NAME
WWW::Agent::Plugins::Director - plugin for controlling an agent
SYNOPSIS
use WWW::Agent;
use WWW::Agent::Plugins::Director;
my $a = new WWW::Agent (plugins => [
...,
new WWW::Agent::Plugins::Director,
....
]);
# do it manually (consider to use WWW::Agent::Zombie)
use POE;
POE::Kernel->post ( 'agent', 'director_execute', 'zombie', $weezl );
$a->run;
DESCRIPTION
This plugin for WWW::Agent allows to send the agent a script, written in WeeZL. That can direct the agent to visit particular pages, assert that the URL is what you expect, wait for some time, check for text in the page, fill out forms and automatically click on URLs.

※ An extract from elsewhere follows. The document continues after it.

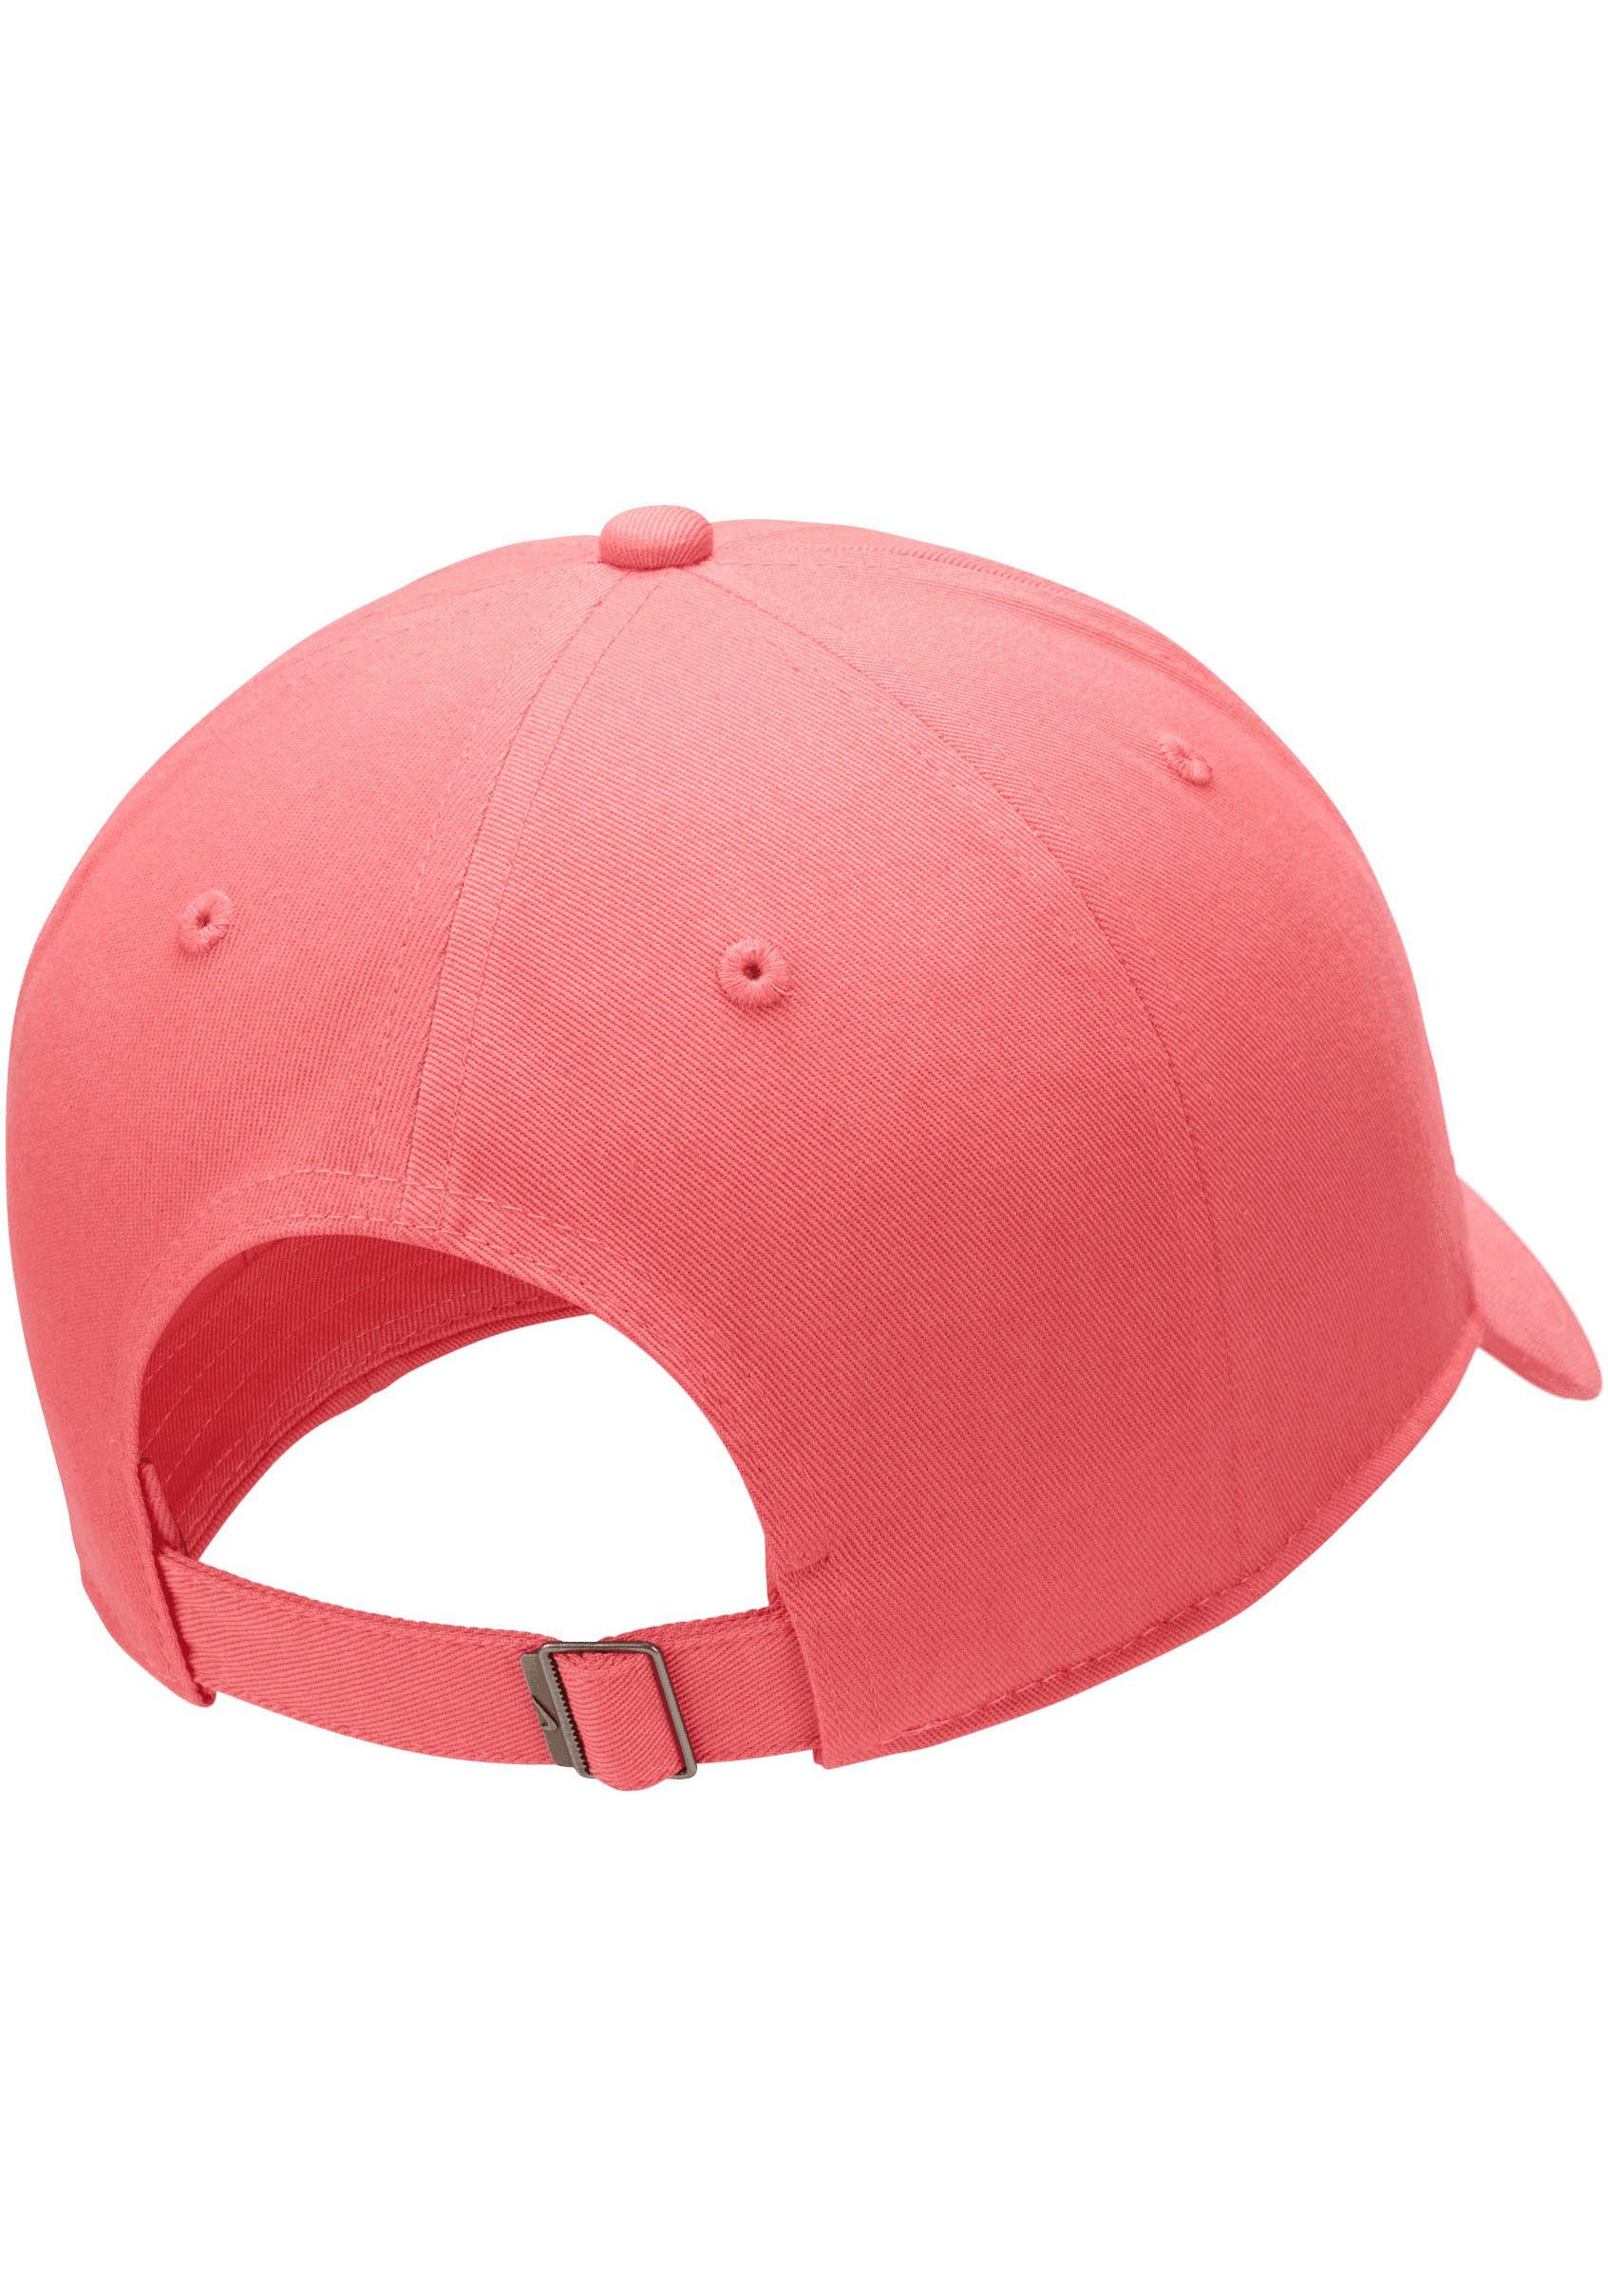 Nike Sportswear Baseball Cap Washed Futura Heritage orange Hat

The language also allows to define functional blocks which are executed whenever a specified URL is visited.
Requisites
If you use this plugin then you must make sure that also WWW::Agent::Plugins::Focus is loaded first.
Web Zombie Language (WeeZL)
The Web Zombie Language, pronounced weezle, specifies the behaviour of a virtual web user. It also allows to define assertions and conditions to be checked at certain times. The former can be used for testing web sites, the latter to trigger customized actions.
WeeZL is for most of its part a procedural language, so commands are executed in sequential order, as given in the text.
Comments
WeeZL can contain comments, similar to Perl these start with a hash sign (#) and reach until the end of the same line.
Actions
Actions are the primitives which can be executed. As such, they can fail and doing so, an internal exception is raised. This is not fatal to the process as actions can be combined such that one failure can be compensated by another action.
The agent is also using the concept of a focus: At any page, the browser can be asked to focus on a particular subelement (interpreting the HTML as an decent XML document). The focus can be narrowed down. After every statement, though, the focus is reset to the whole page.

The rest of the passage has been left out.